Advertising is all about showing off selling points and hiding flaws, but sometimes, it can lean towards manipulation, tricking audiences into believing a deceptive conclusion. That’s the magic of logical fallacy ads. Some brands embrace these advertisements, while others argue against their effectiveness. If you’re also in two minds, keep reading to see when to draw the line between fallacies and ethical ads.

What Is Fallacy Advertising?

Commercials using fallacies deliver a misleading statement about the product or service to trigger audiences’ emotional connection and cognitive biases, grabbing their attention and persuading them to take immediate action (making a purchase). 
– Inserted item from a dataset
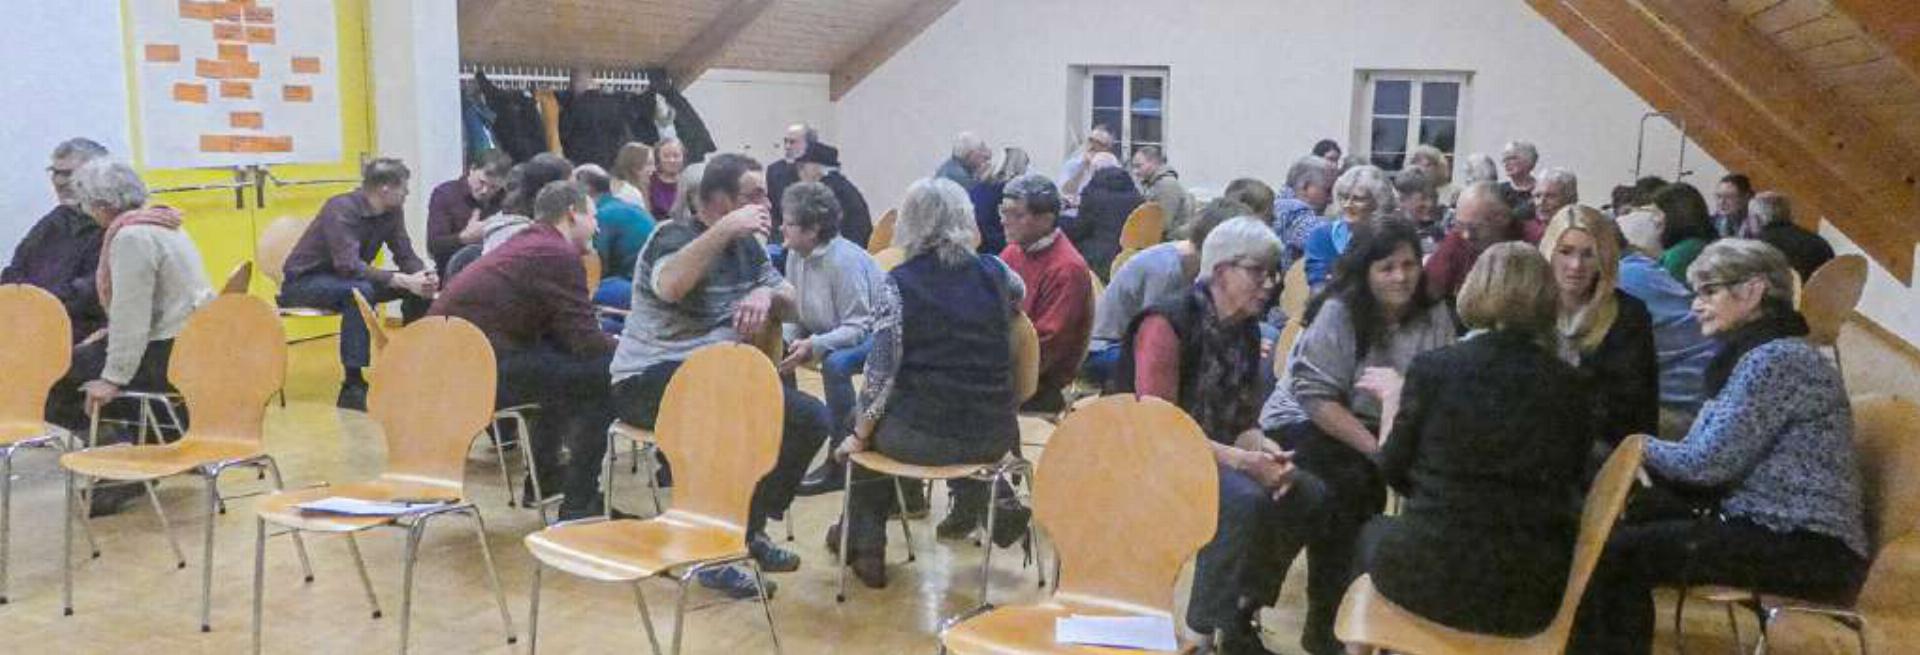 Rund 50 Personen diskutierten über die Zukunft der Kirche und der Kirchgemeinde Diegten-Eptingen. Bild Paul Aenishänslin

Logical fallacies, in particular, are flawed arguments that sound reasonable at first. But as you dig deeper, they lack logical reasoning, and the conclusion doesn’t match the premise.

Pros & Cons Of Commercials That Have Fallacies

Pros

  • Attention-grabbing: Without a doubt, ads with illogical or misleading messages tend to stand out more than traditional commercials. Anything that goes against the audience’s logical thinking is more memorable.
  • Emotional triggers: Those fallacies are meant to tap into the target audience’s feelings, including fear, love, guilt, etc., going beyond their logical thinking. Therefore, they’ll find themselves emotionally resonating with the ads. 
  • Immediate result: Even with faulty reasoning, these misleading statements leave a strong impact on audiences’ emotions, triggering a sense of FOMO or urgency and driving them to take immediate action.
  • Simplicity: Since advertisements with logical fallacies don’t rely on logic, they appear easier to understand for audiences. This is especially true for complex information or brand messages that have been simplified by fallacies.

Cons

  • Dissatisfaction and loss of trust: Once brands publish ads with fallacies, they intentionally manipulate customers to make regrettable decisions due to misleading information. This is the shortest way to destroy customer satisfaction, trust, and loyalty.
  • Traffic decrease: Once a website is notorious for publishing misleading ads, audiences are reluctant to visit it, seeking other sites with better credibility and authority. A drop in traffic translates to a decrease in leads, sales, and revenue.
  • Reputation damage: Publish a single fallacious advertisement, and it will leave a black mark on your business reputation forever. Not to mention, negative word of mouth also takes a toll on your brand image.
  • Regulatory concerns: If your ads cross the line of truth-in-advertising regulations, your company risks facing fines and lawsuits. When a customer notices that your advertisement contradicts your product information, they can take you to court (more examples below).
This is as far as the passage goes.